Kourrich Lab Members
Front (L-R): Saïd Kourrich, Ph.D; Deena Sajitharan; Francisco Garcia-Oscos; Mohammad Housini; Back: Amir Segev, Ph.D.

Our Research

Over the last few decades, there has been a drastic shift in the societal perception of drug addiction, from a personality flaw characterized by a lack of self-control to the classification of addiction as a chronic neuropsychiatric disorder. This change has been facilitated by surmounting evidence derived from neurobiological research focused on asking questions about why and how individuals become addicted to drugs. Studies seeking to understand why people become addicted to drugs of abuse attempt to pinpoint what factors make an individual predisposed to develop addictive disorders, i.e., biological differences that exist before an individual is exposed to a drug of abuse. Our research focuses on how individuals become addicted; and more specifically, how neurobiological modifications triggered by drug experiences alter neuronal activity, and thereby lead to maladaptive behaviors that characterize drug addiction.

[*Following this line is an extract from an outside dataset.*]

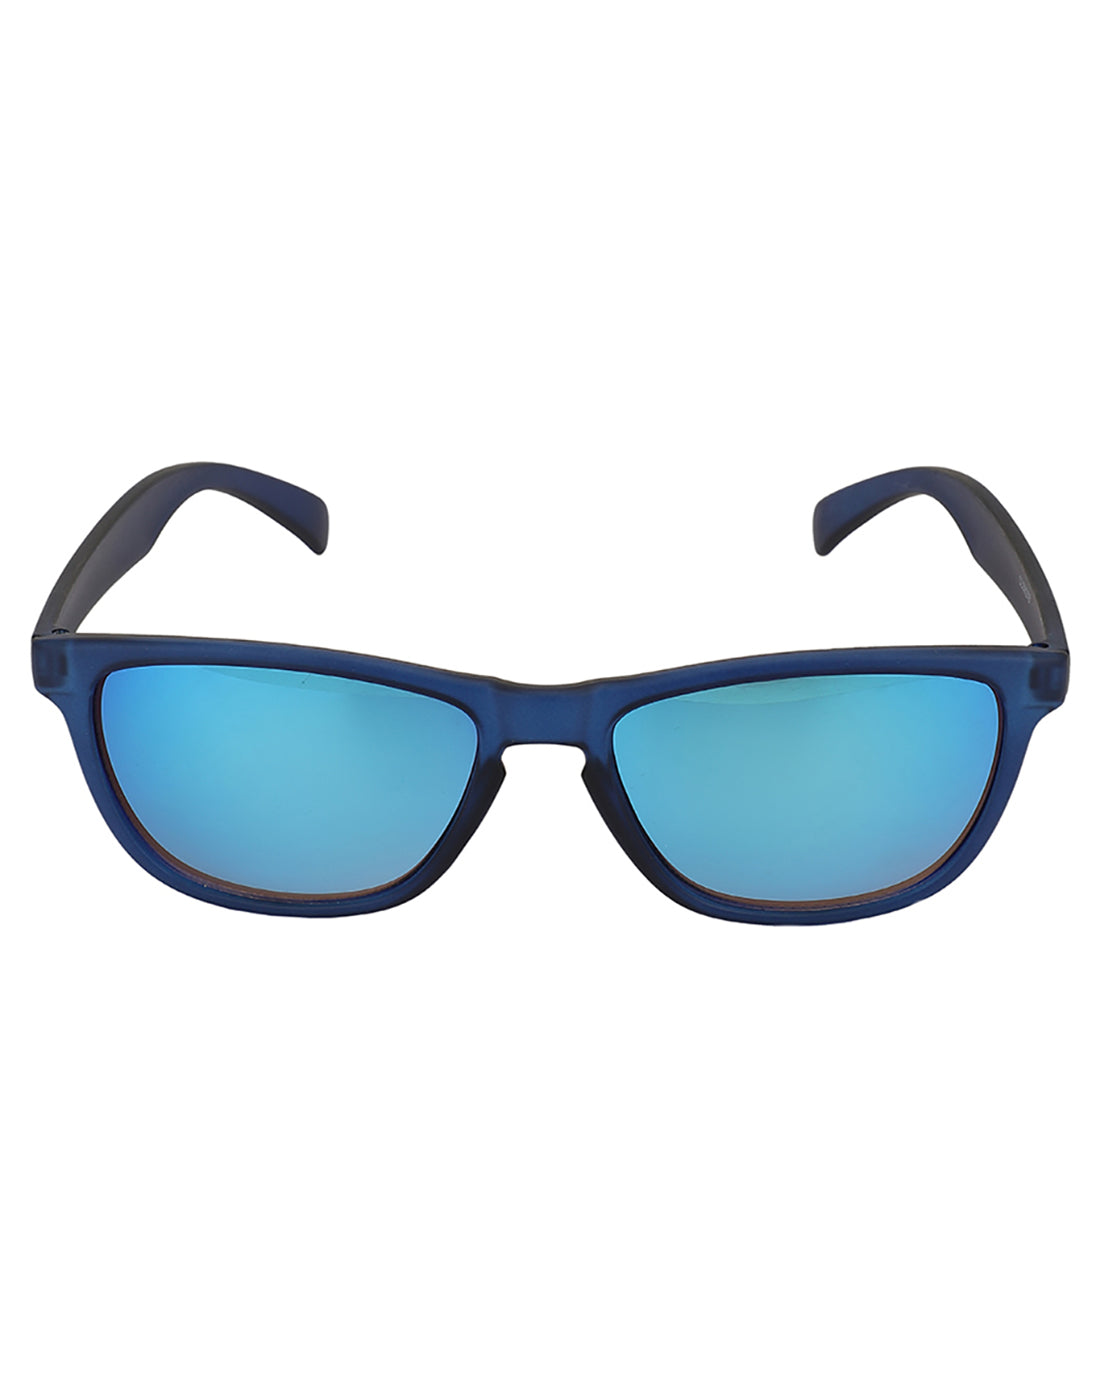 Premium Blue Toned Uv Protected Lens Wayferer Sunglass For Men

Essentially, two excitability factors contribute to the shaping of global neuronal activity, synaptic and intrinsic. While the first is mainly controlled by excitatory synaptic glutamatergic transmission, the second is controlled by intrinsic membrane properties, i.e., non-synaptic factors. Conceptually, these non-synaptic factors include any elements located on the soma, dendrites, or axon, which are “remote” from the synapse, but either passively or actively modulate membrane excitability. Although our research investigates how both synaptic and intrinsic factors are modulated by drugs, we put a particular emphasis on drug-induced changes in active intrinsic membrane properties, i.e., the factors that directly contribute to the generation of action potentials and the characteristics of repetitive firing—processes that are mainly controlled by interplay between Na+, K+, and Ca2+ channels.

Neuron Diagram

Briefly, regarding the nucleus accumbens (NAc), a brain region that is involved in reward and motivation, it is now well established that cocaine experience affects both excitability factors. Questions that are still unresolved or points that are still discussed are how drug-induced changes in synaptic and intrinsic factors interact with one another to shape maladaptive global neuronal excitability, the cellular mechanisms through which cocaine affect these factors, and their causal relationships with addiction-relevant behaviors. Using a multidisciplinary approach, combining behavior, pharmacology, biochemistry, and electrophysiology, our research will aim to provide insights into these questions.